Il fatto è che non tutti hanno le opportunità e, di conseguenza, gli strumenti per spingersi oltre i muri sociali e culturali in cui si nasce, si cresce e, qualche volta, si muore. Bartees Strange è figlio di una cantante lirica e di un ufficiale dell’esercito. Nasce a Ipswich, in Inghilterra, cresce in Oklahoma e sfoga la sua vena artistica tra Washington e Brooklyn. Ci immaginiamo che ci sia questa vocazione alla multi-cittadinanza alla base della sua ispirazione. Dopo qualche esperienza come membro di band, che con il senno di poi si capisce perché gli andavano strette come un paio di scarpe di qualche numero più piccole, scopre una florida e raffinata vena cantautorale e decide di non darsi delle regole. Resta colpito proprio dai TV on The Radio e dal loro approccio a maglie larghe alle categorie e ai generi, un’attitudine che solo pochi posti al mondo come Brooklyn riescono a trasmetterti. A marzo di quest’anno, in piena clausura da pandemia, dà alle stampe un EP comprensivo di una serie di cover di brani dei The National. E pochi mesi dopo, a rendere meno horribilis questo duemila e venti, pubblica “Live Forever”, un disco di esordio che, credetemi, è una delle novità più sorprendenti uscite ultimamente.

In un’intervista a NPR, Bartees Strange sostiene di sentirsi equidistante da rapper e cantanti, consapevole del fatto che il rock, in tutte le sue derivazioni, abbia perso un’enorme opportunità di crescita e di evoluzione limitando il coinvolgimento della componente afro-americana. Dall’altra parte, l’hip-hop in questo momento in America ha una enorme influenza sul resto della cultura e l’indie-rock, almeno nei testi, sembra cantare sempre la stessa canzone e risulta stagnante. Ma Washington ha il microclima più adatto a favorire gli innesti tra due mondi spesso antitetici, una città dalla forte tradizione black ma anche punk e hardcore. “Live Forever” è la sintesi di tutto questo.

L’esordio di Bartees Strange è composto da undici tracce e altrettante anime, ma con un’unica identità riconoscibilissima di fondo. Si può scegliere da quale brano partire, come nelle storie interattive che prevedono percorsi differenti, e lasciarsi guidare in modi diversi. “Jealousy”, il primo brano, è una vera e propria sessione di riscaldamento. Solo voce e tappeti di sottofondo, una breve cerimonia di iniziazione per addentrarsi nel disco con l’equipaggiamento più adatto. Si spengono le luci e inizia lo spettacolo. “Mustang” è una bomba di synth su chitarre elettriche, e c’è poco da aggiungere. Sulla stessa scia è “Boomer”, scelto come singolo, un brano che forse costituisce l’episodio meno personale dell’album, con qualche ingenuità di arrangiamento e di soluzioni armoniche. 

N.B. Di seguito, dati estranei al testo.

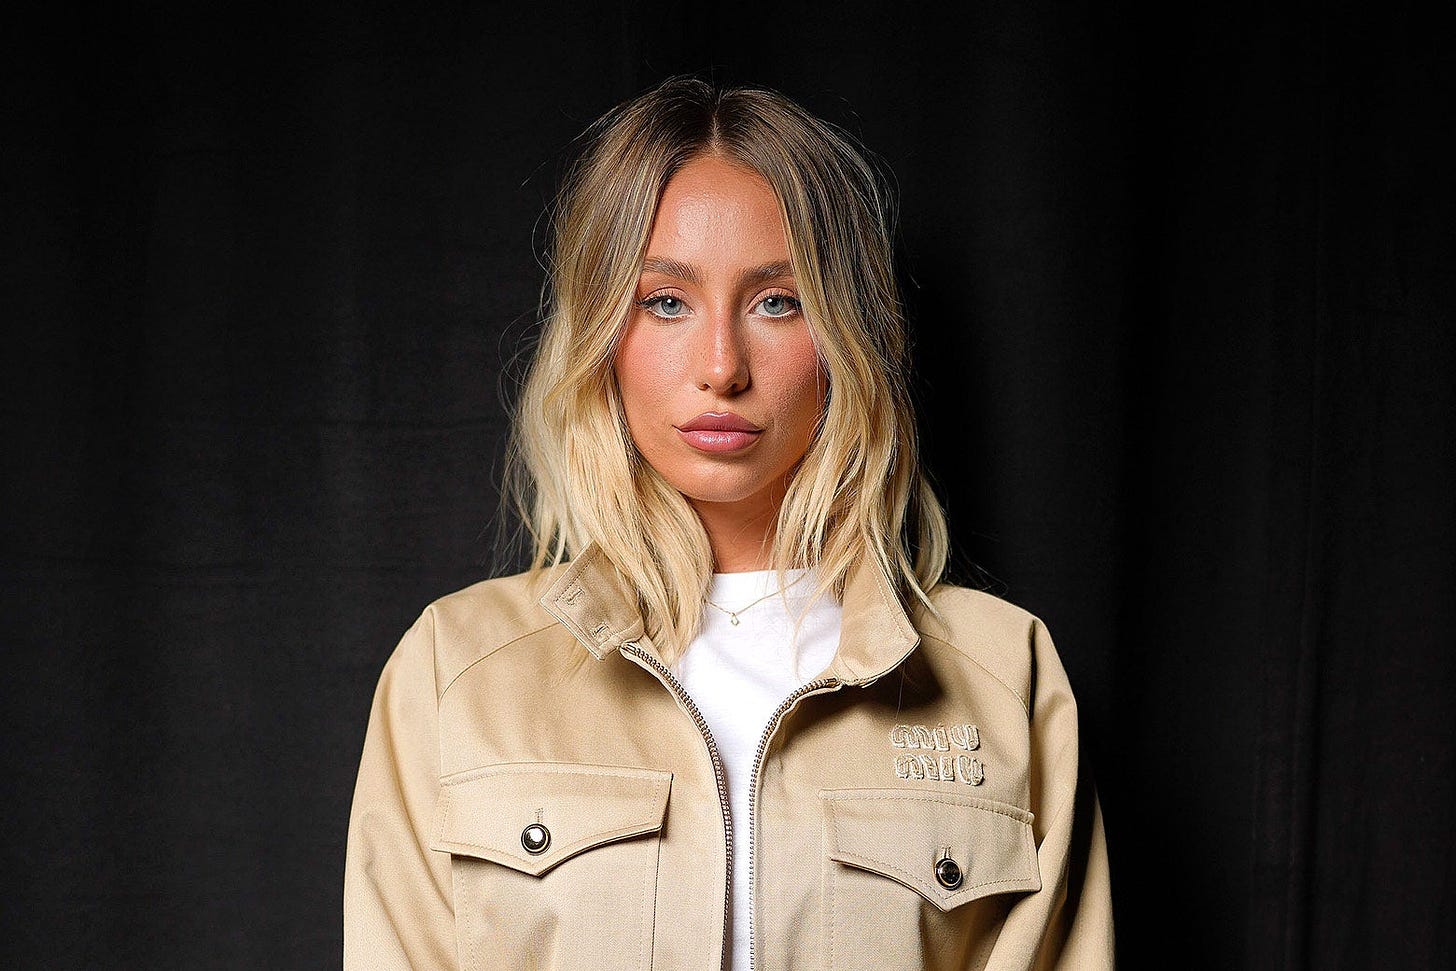 A blond white woman in a white shirt and tan jacket slightly smirks and looks ahead, in front of a black backdrop.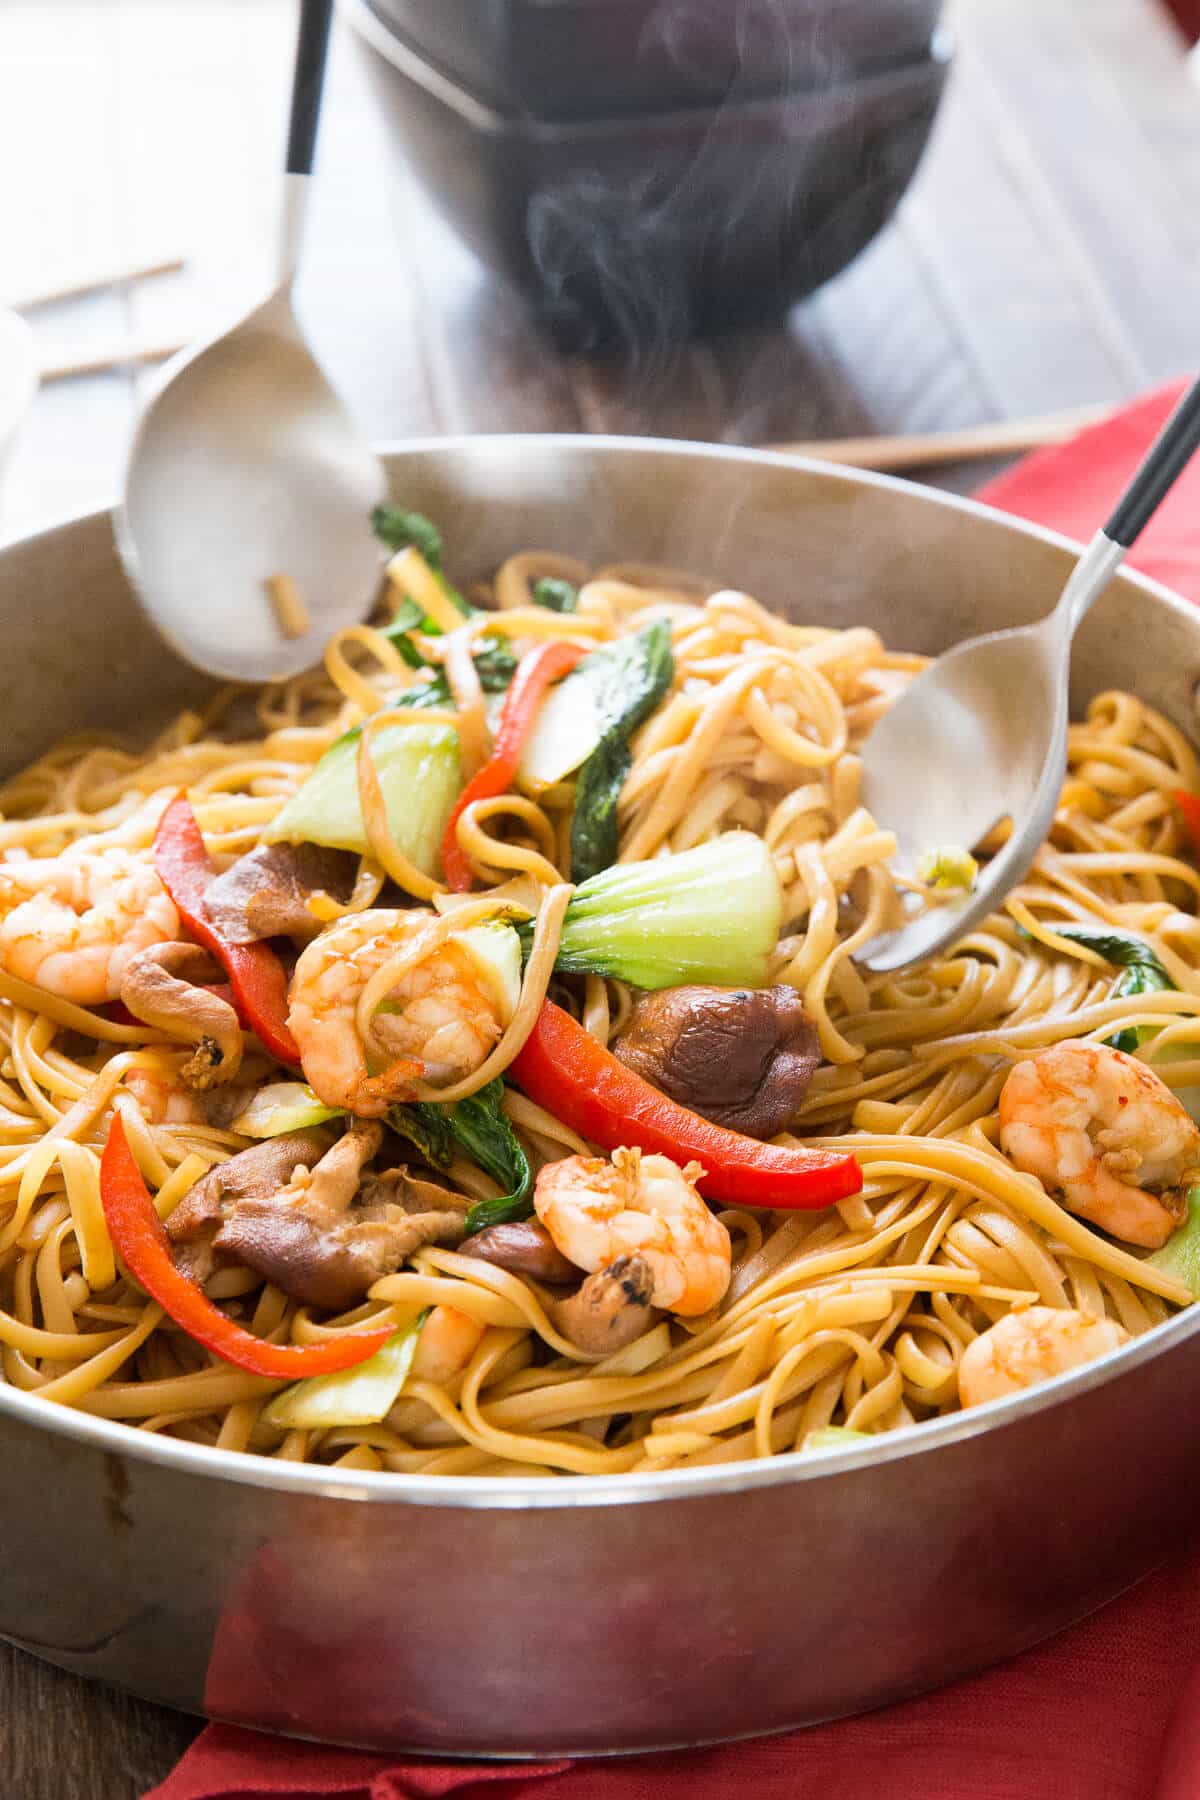 Shrimp Lo Mein is a dish that combines ease and flavor!   Saucy noodles, vegetables, and shrimp make take out a thing of the past!

Ma, subito dopo, si comincia a fare sul serio: dalle atmosfere trap di “Kelly Rowland” ai ricami di fiati jazz su batteria breakbeat di “In a Cab”, preludio al perfetto di mix di cantato soul su base post-punk di “Stone Meadows”, la vera punta di diamante di “Live Forever”. Ha dell’incredibile anche il capovolgimento electro successivo, “Flagey God” e il profondissimo trip-hop di “Mossblerd”, in quota Tricky. Fino a quando, a sbiancare il tutto, ecco la chitarra acustica americanissima e il songwriting di “Far”, una traccia dai due volti, pronta a prendere il volo con l’accelerazione e la voce distorta della coda. “Fallen for You” è la seconda parentesi unplugged del disco, una struggente ballad che spazia nel country e che prepara il campo all’elettronica di “Ghost”, l’ultima canzone, tanto eterea all’inizio quanto quadrata e regolare da metà in poi, un compendio di tutto quello che Bartees Strange sa fare bene. 

Non c’è un momento in cui, osservando il progetto “Life Forever”, si percepisca un’impressione di confusione. È la straordinaria vocalità black a fare da collante a un mondo variopinto in cui, orfani di una personalità così decisiva, faremmo a gara a separare i colori. Nulla dev’essere per forza bianco o nero, sostiene Bartees Strange. C’è un po’ di tutto in tutto, e la sua musica ne è la prova.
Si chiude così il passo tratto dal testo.